== What you should do ==
Output, word for word and without pictures, the lines from the one containing "Sydney based Laminate Flooring Company" through the final line of the listing below.

== The data ==
==============================
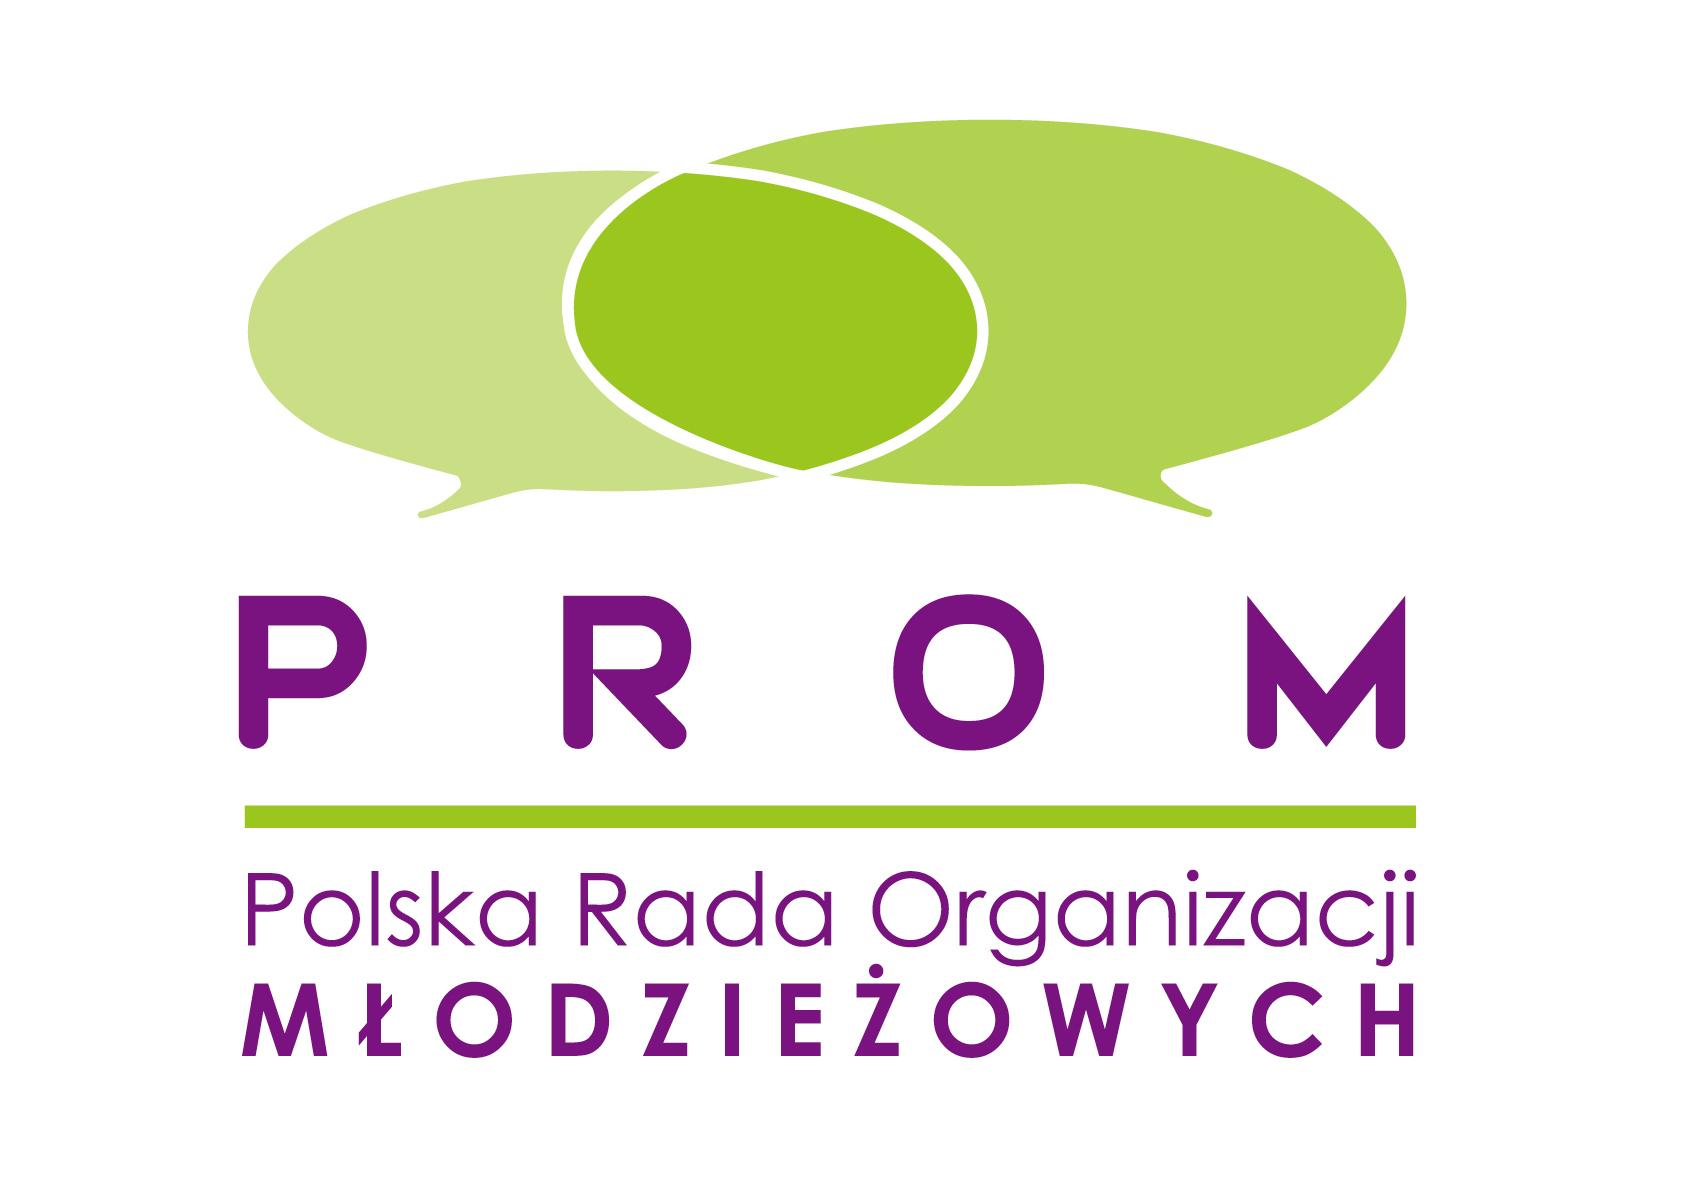 Polska Rada Organizacji Młodzieżowych - logo
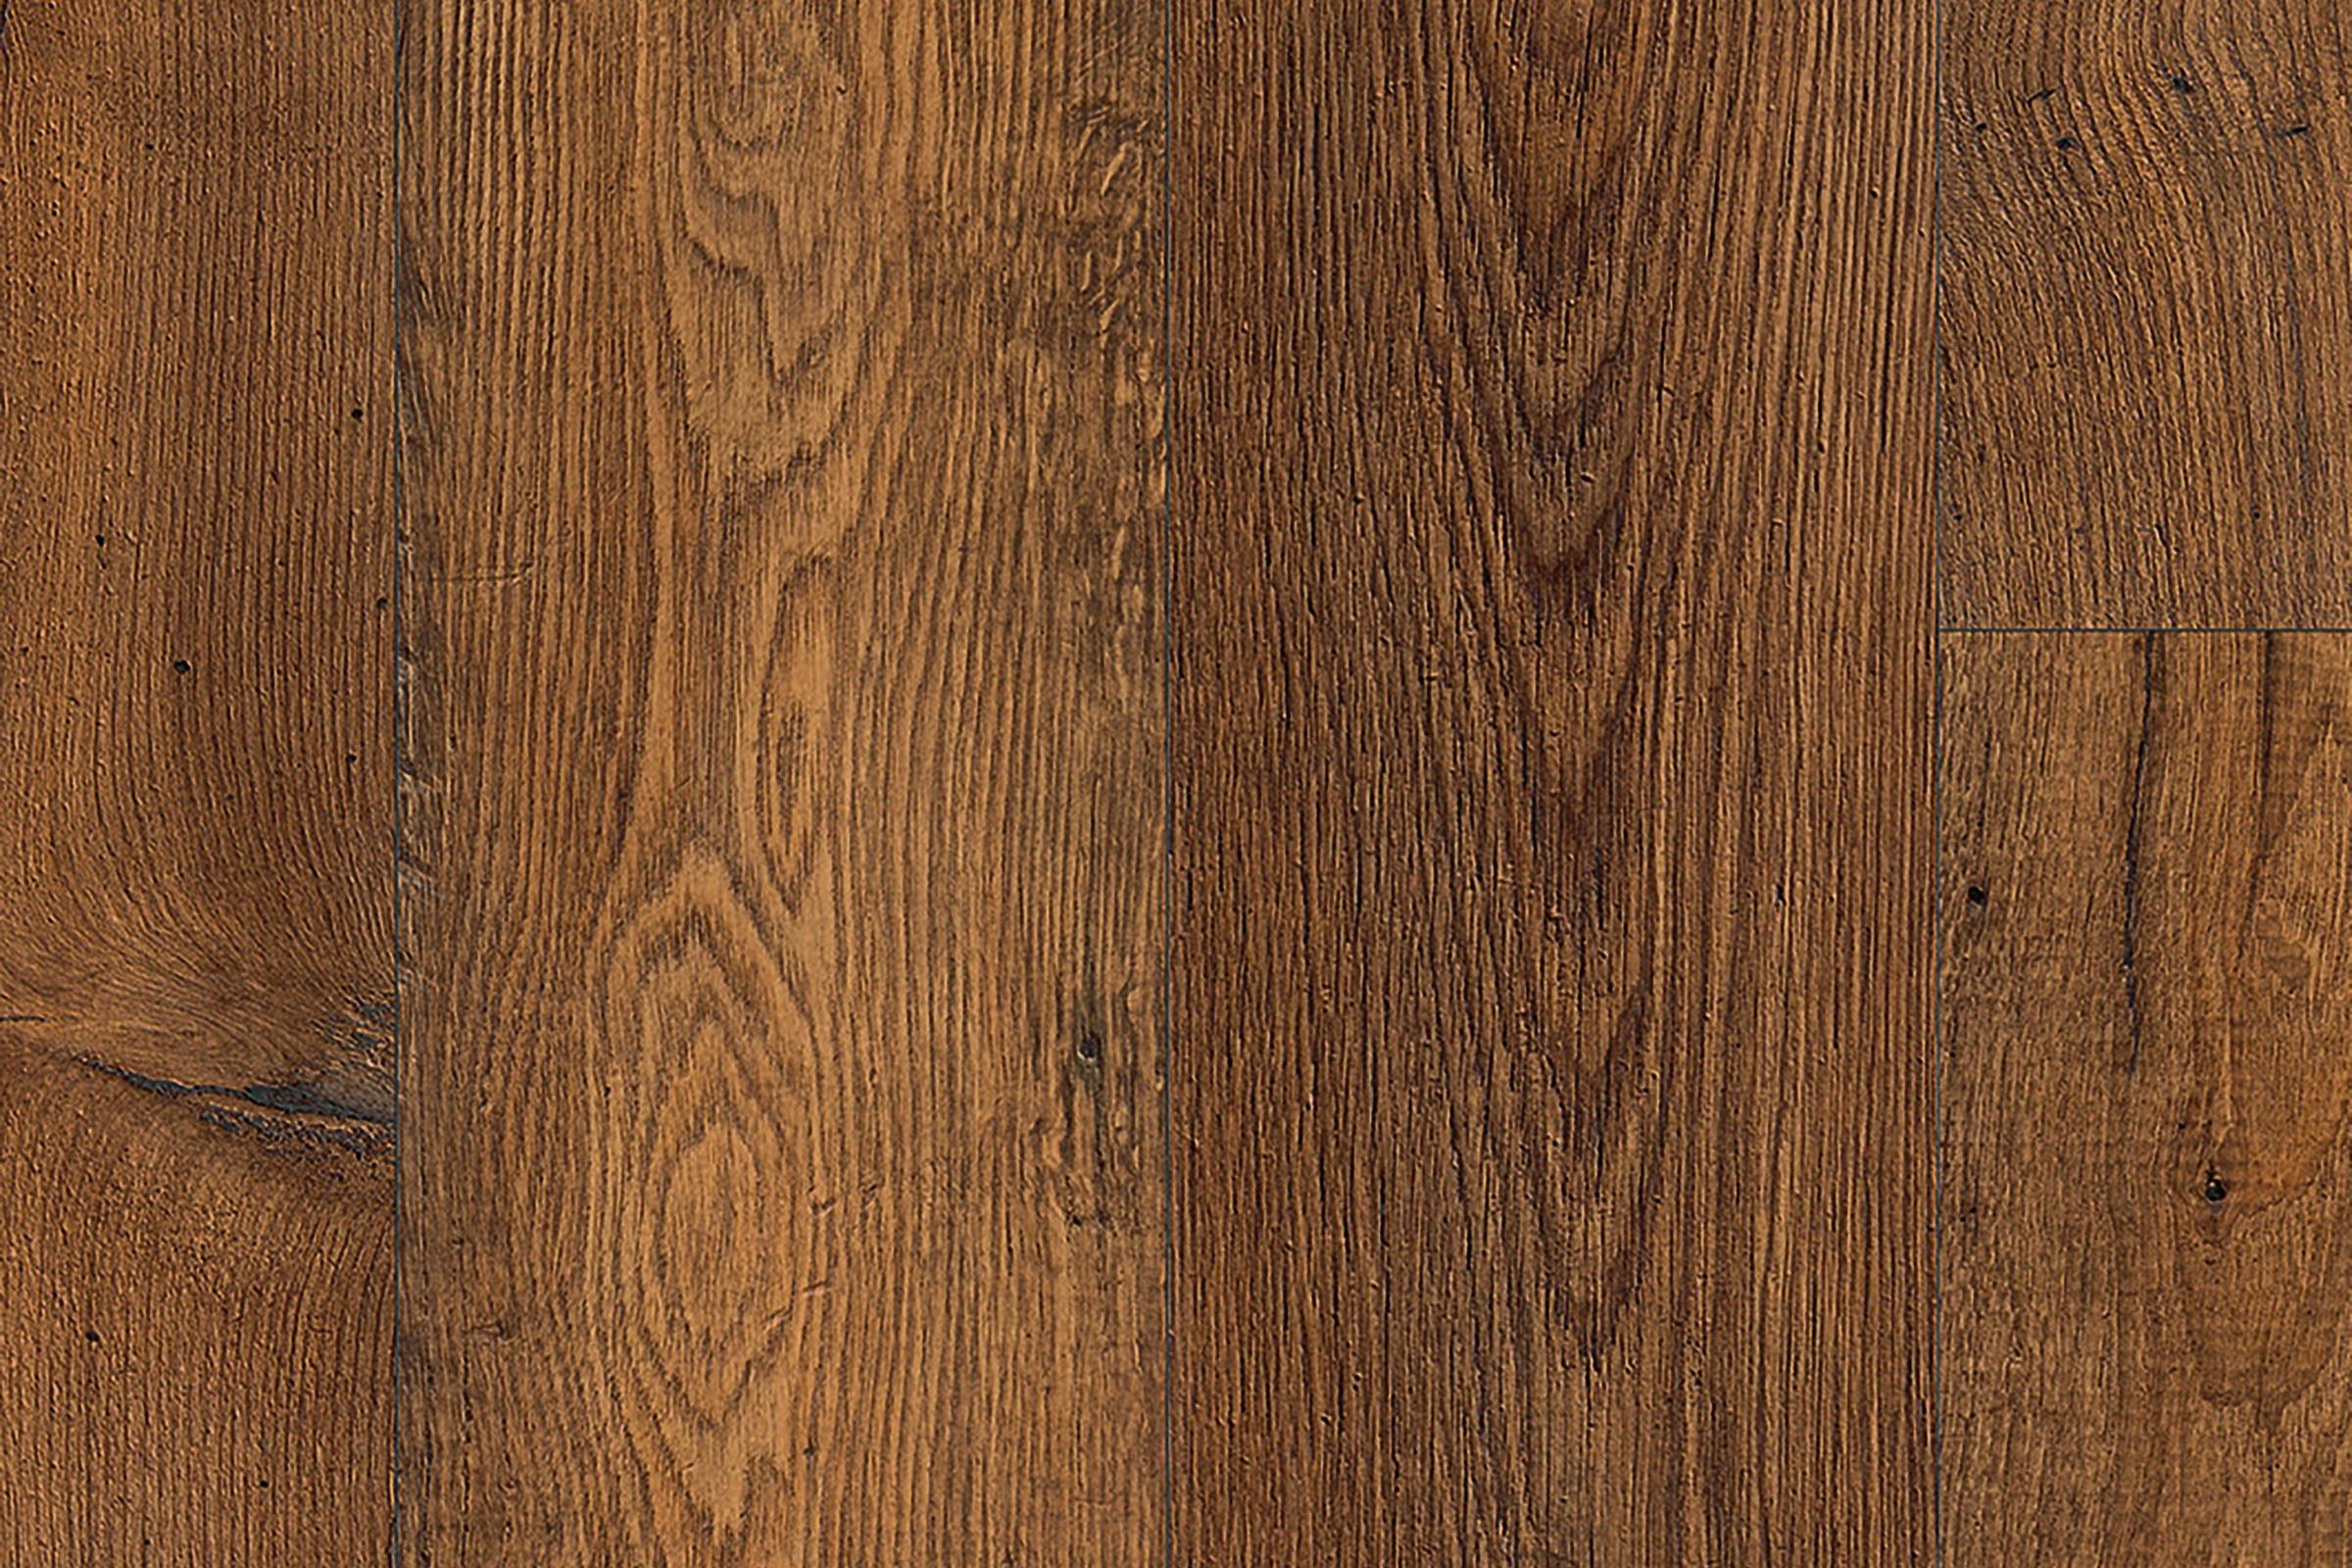 Sydney based Laminate Flooring Company
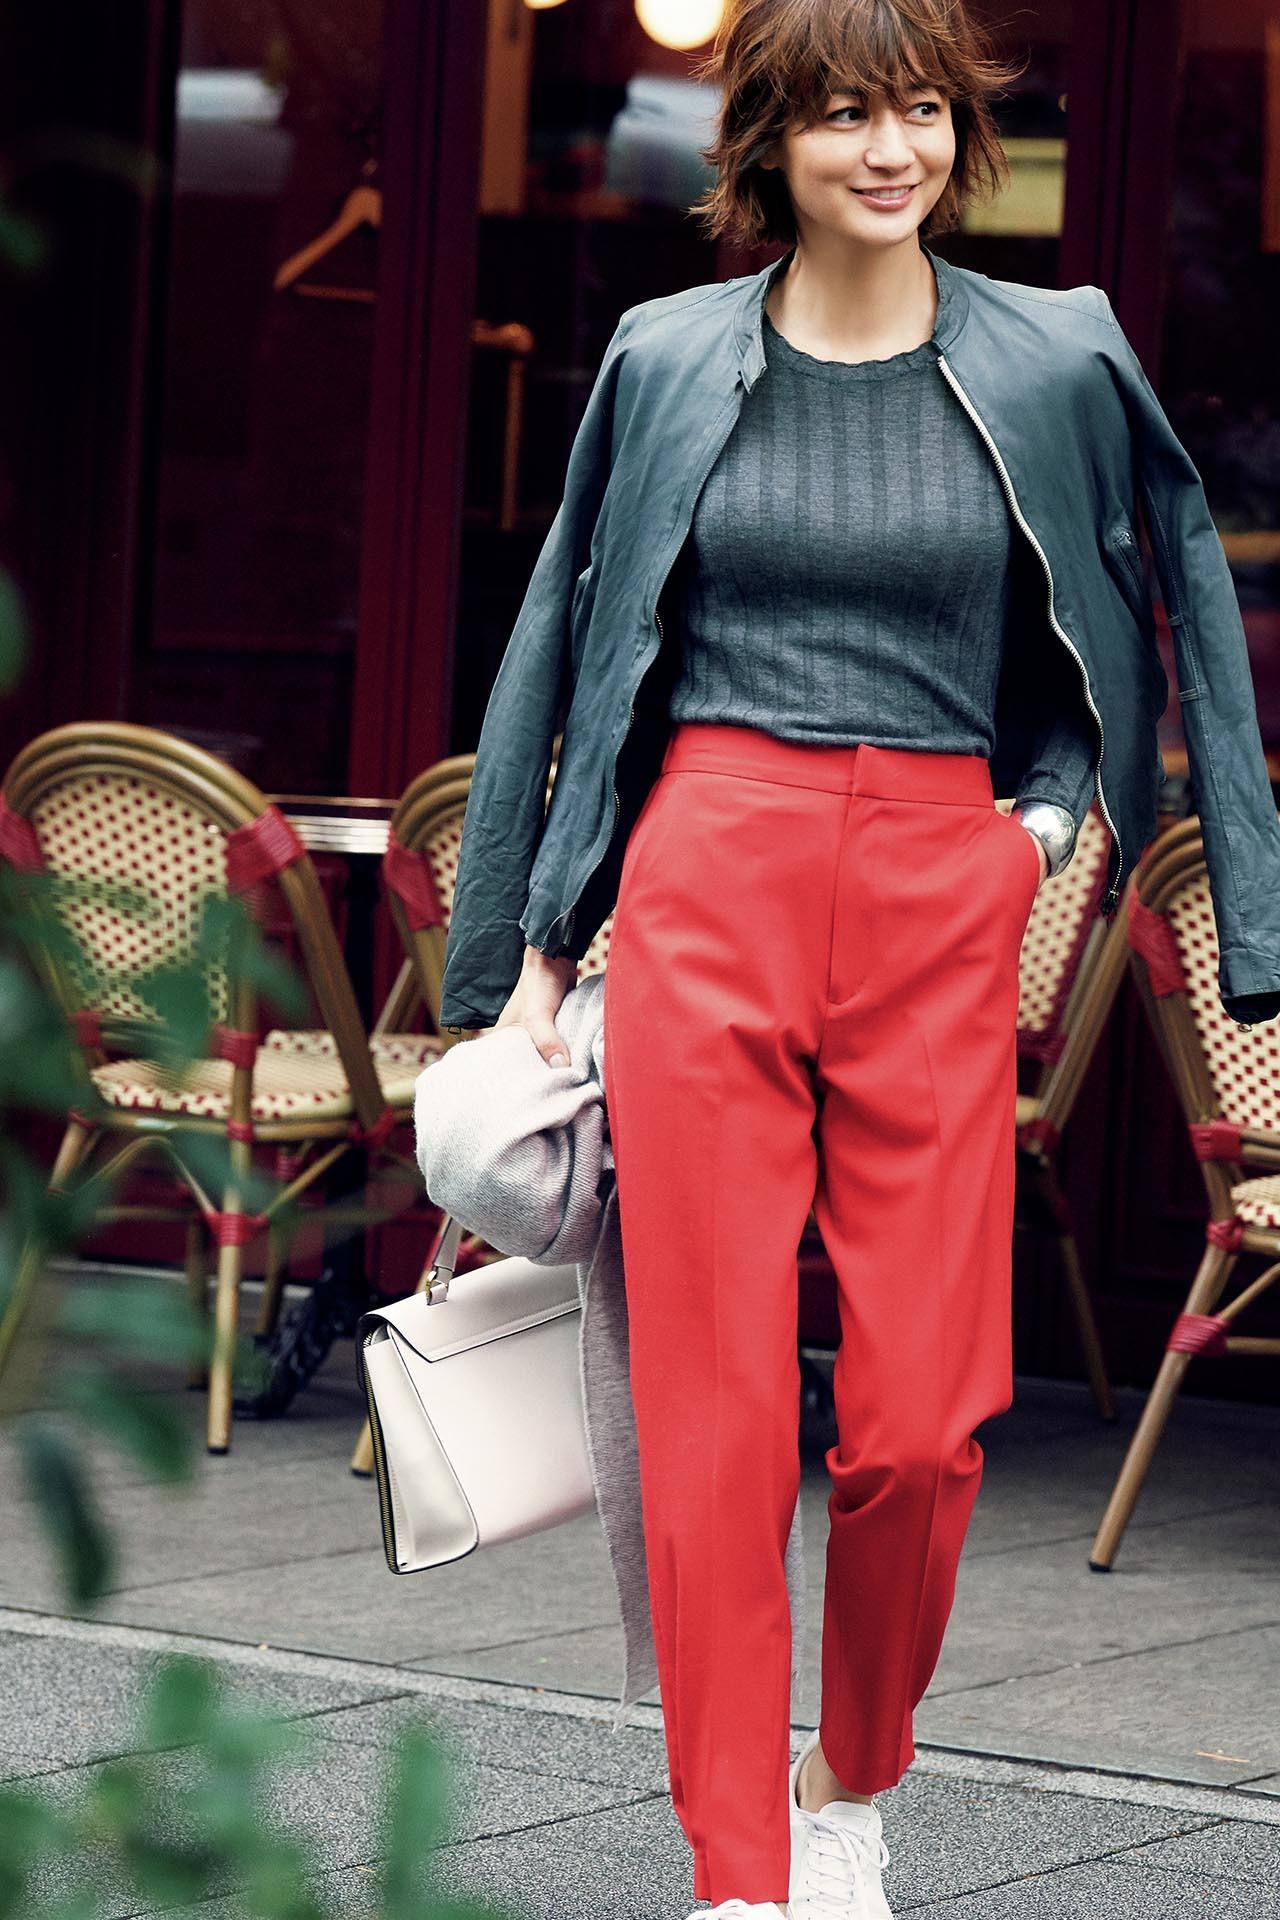 大人を元気に見せてくれる色、「赤」をまとって冬の街へ出かけよう! 五選_1_1-5
==============================
== Result of this task ==
 Sydney based Laminate Flooring Company
 大人を元気に見せてくれる色、「赤」をまとって冬の街へ出かけよう! 五選_1_1-5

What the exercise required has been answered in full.